§ **ASSIGNED TASK**
Could you give the listing again exactly, without its pictures?

§ **DATA SEGMENT**
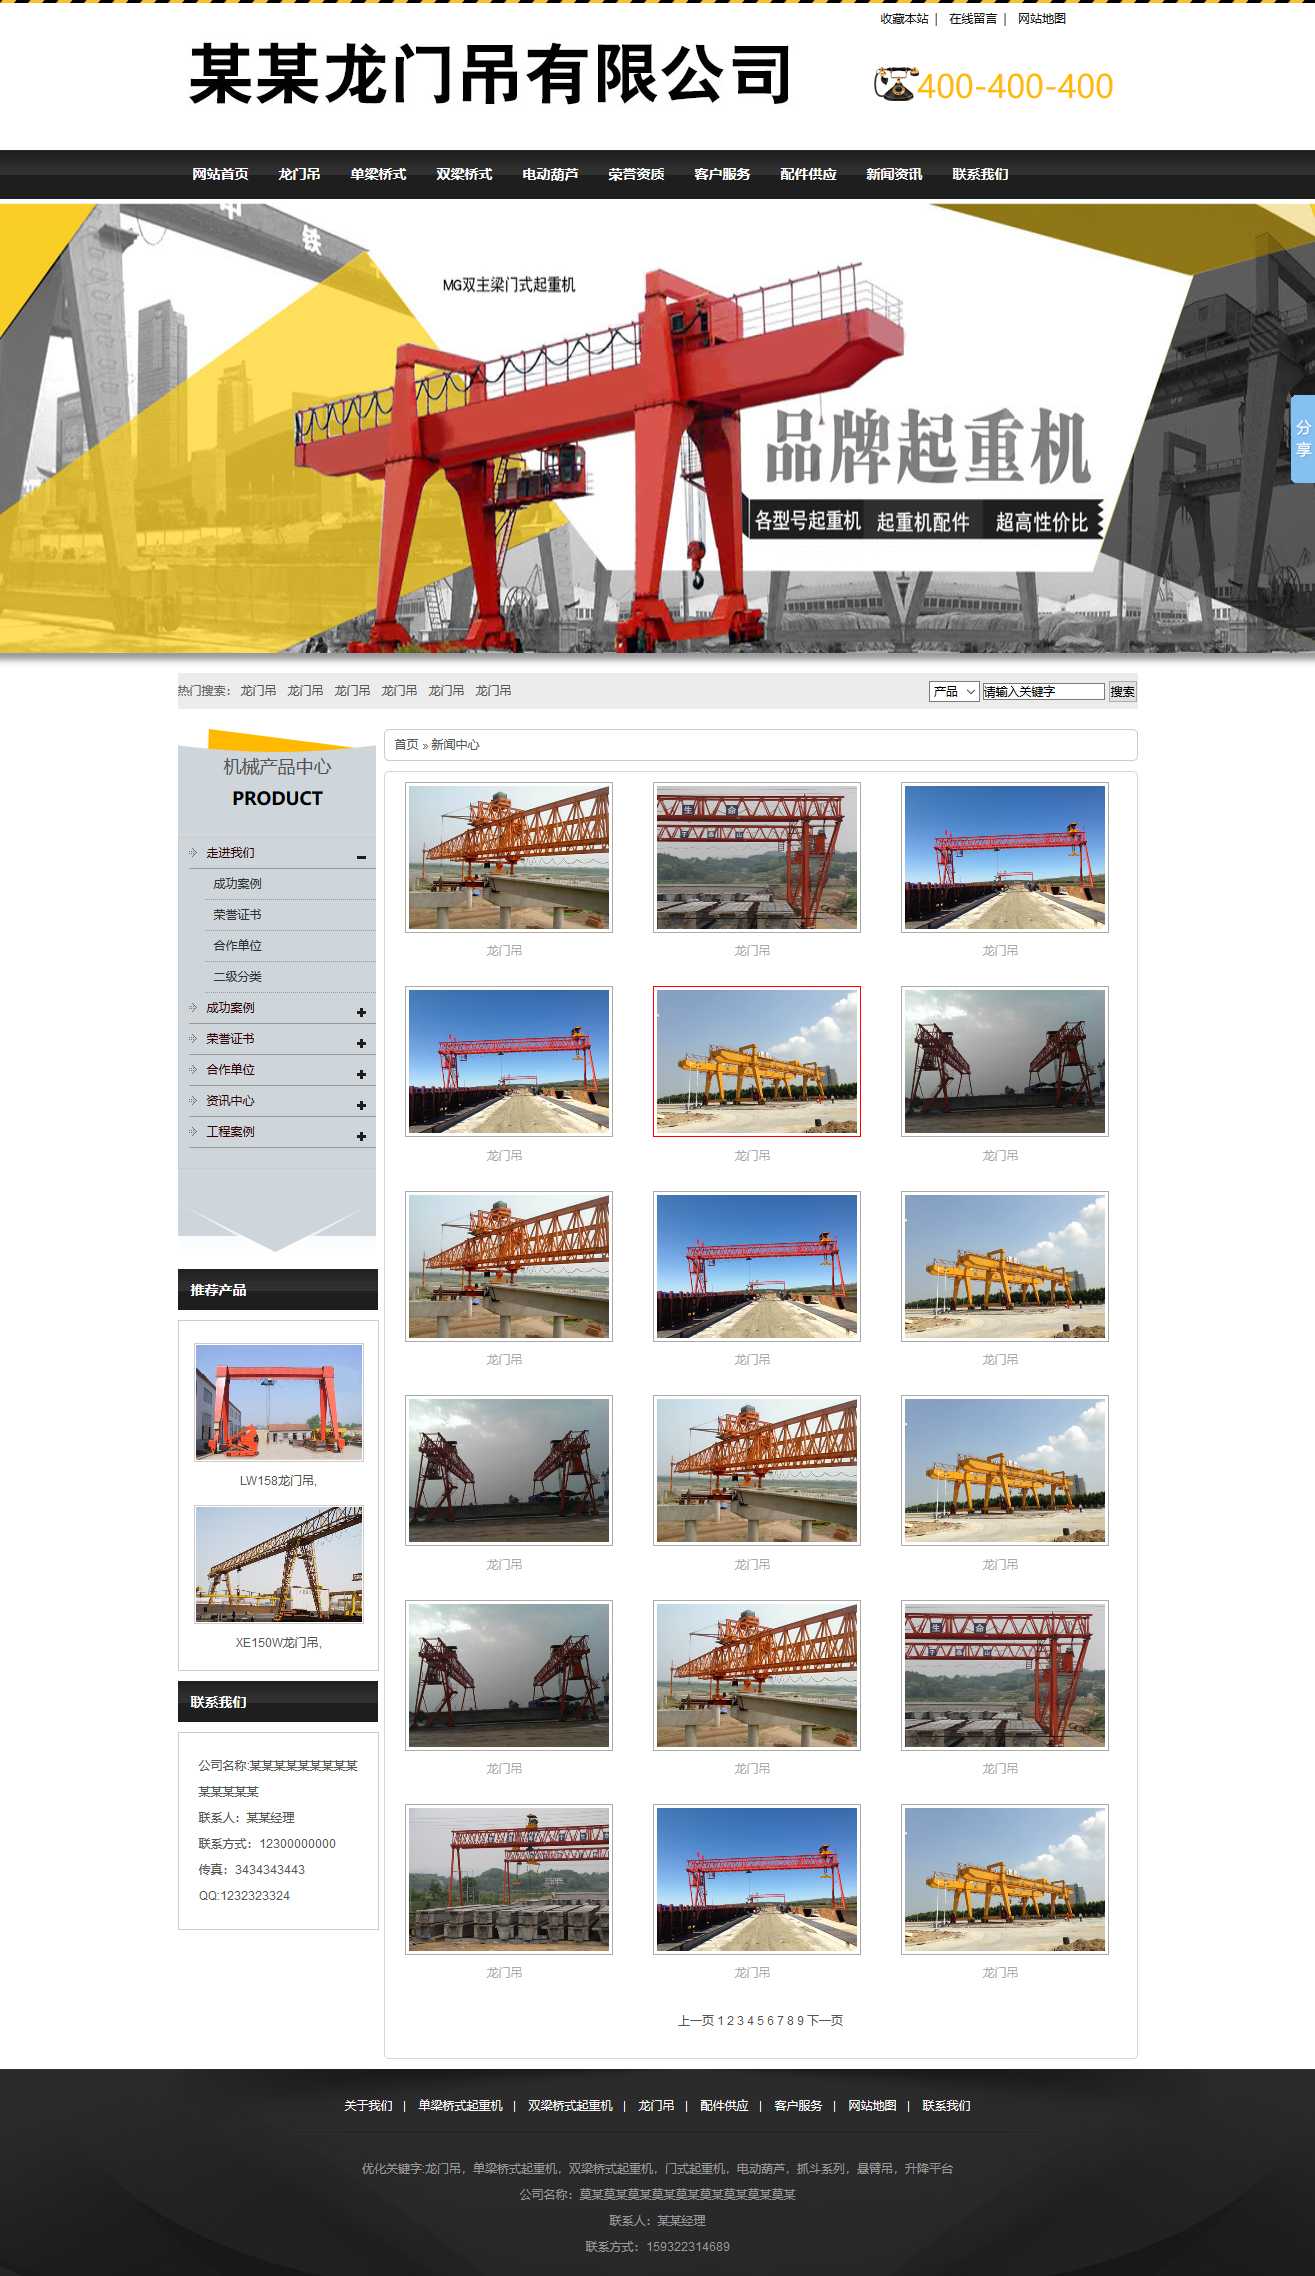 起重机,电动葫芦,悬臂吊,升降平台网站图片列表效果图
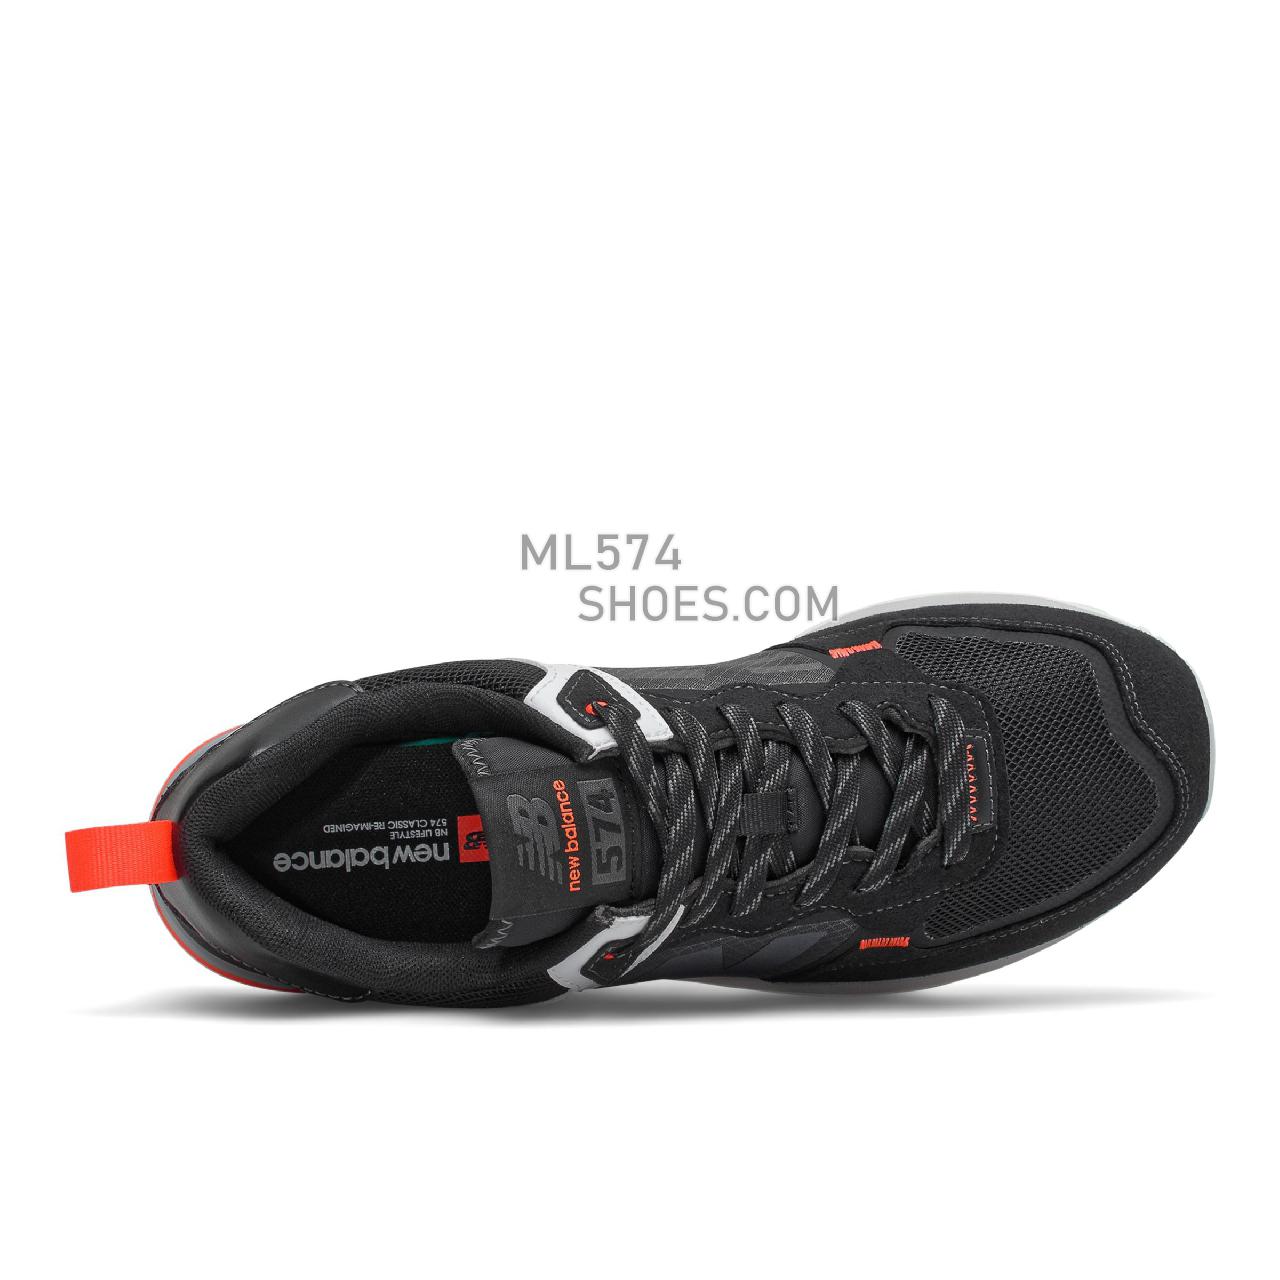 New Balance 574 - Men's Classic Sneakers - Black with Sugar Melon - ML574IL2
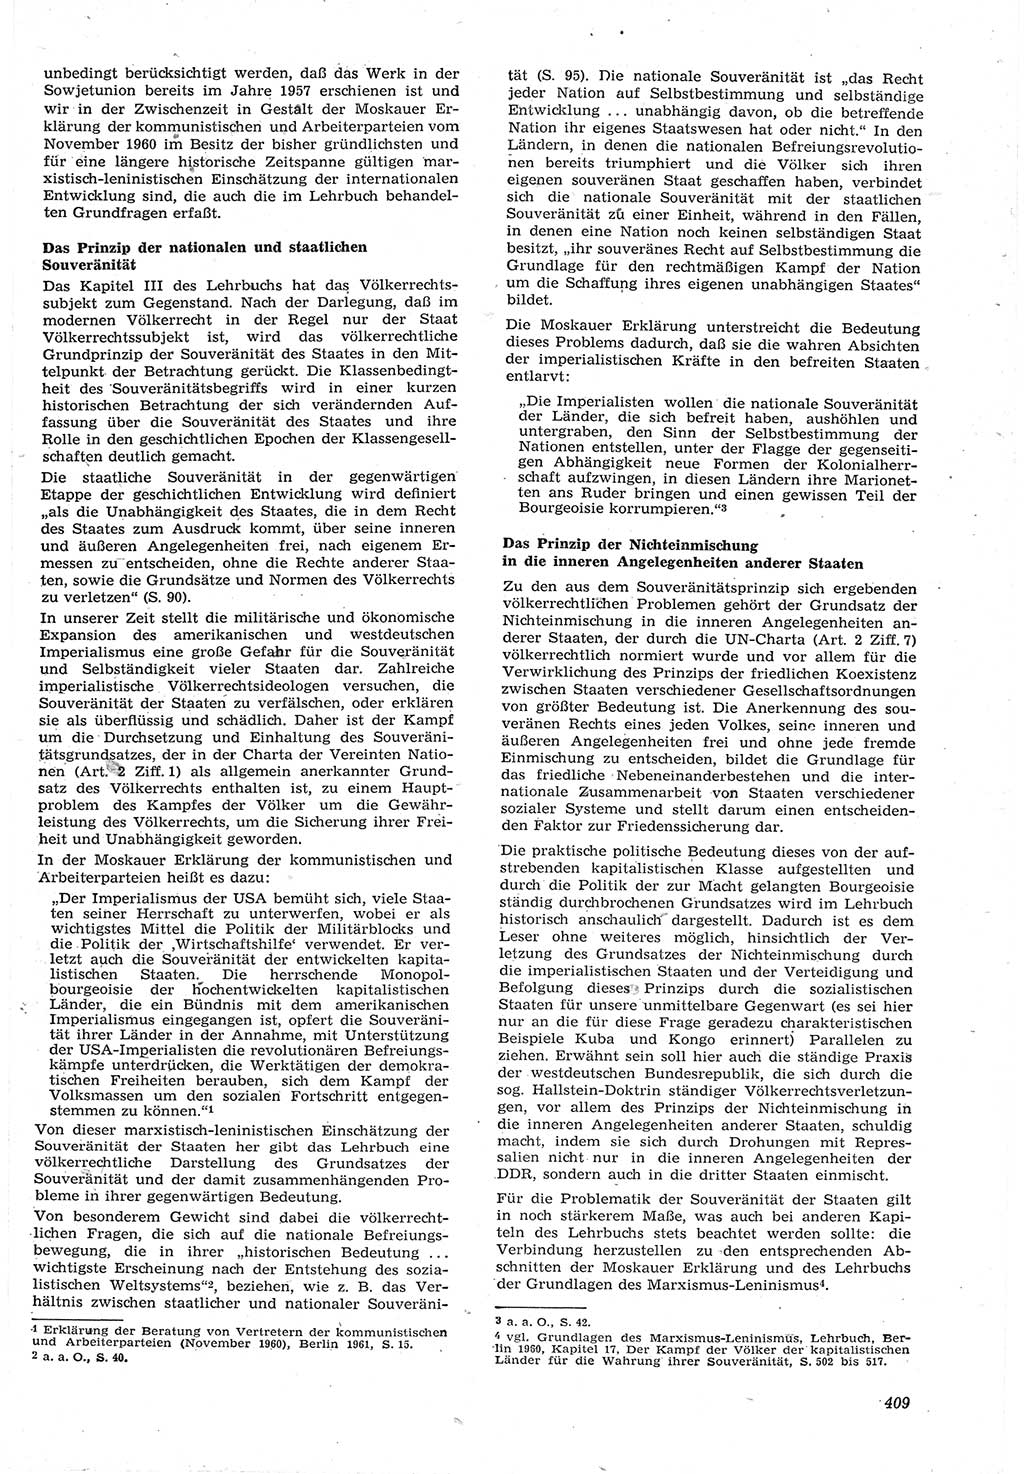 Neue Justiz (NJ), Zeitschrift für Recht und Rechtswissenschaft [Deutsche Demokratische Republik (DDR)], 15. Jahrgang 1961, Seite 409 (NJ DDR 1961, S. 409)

§ **RESPONSE FOR THIS EXERCISE**
 起重机,电动葫芦,悬臂吊,升降平台网站图片列表效果图
 New Balance 574 - Men's Classic Sneakers - Black with Sugar Melon - ML574IL2
 Neue Justiz (NJ), Zeitschrift für Recht und Rechtswissenschaft [Deutsche Demokratische Republik (DDR)], 15. Jahrgang 1961, Seite 409 (NJ DDR 1961, S. 409)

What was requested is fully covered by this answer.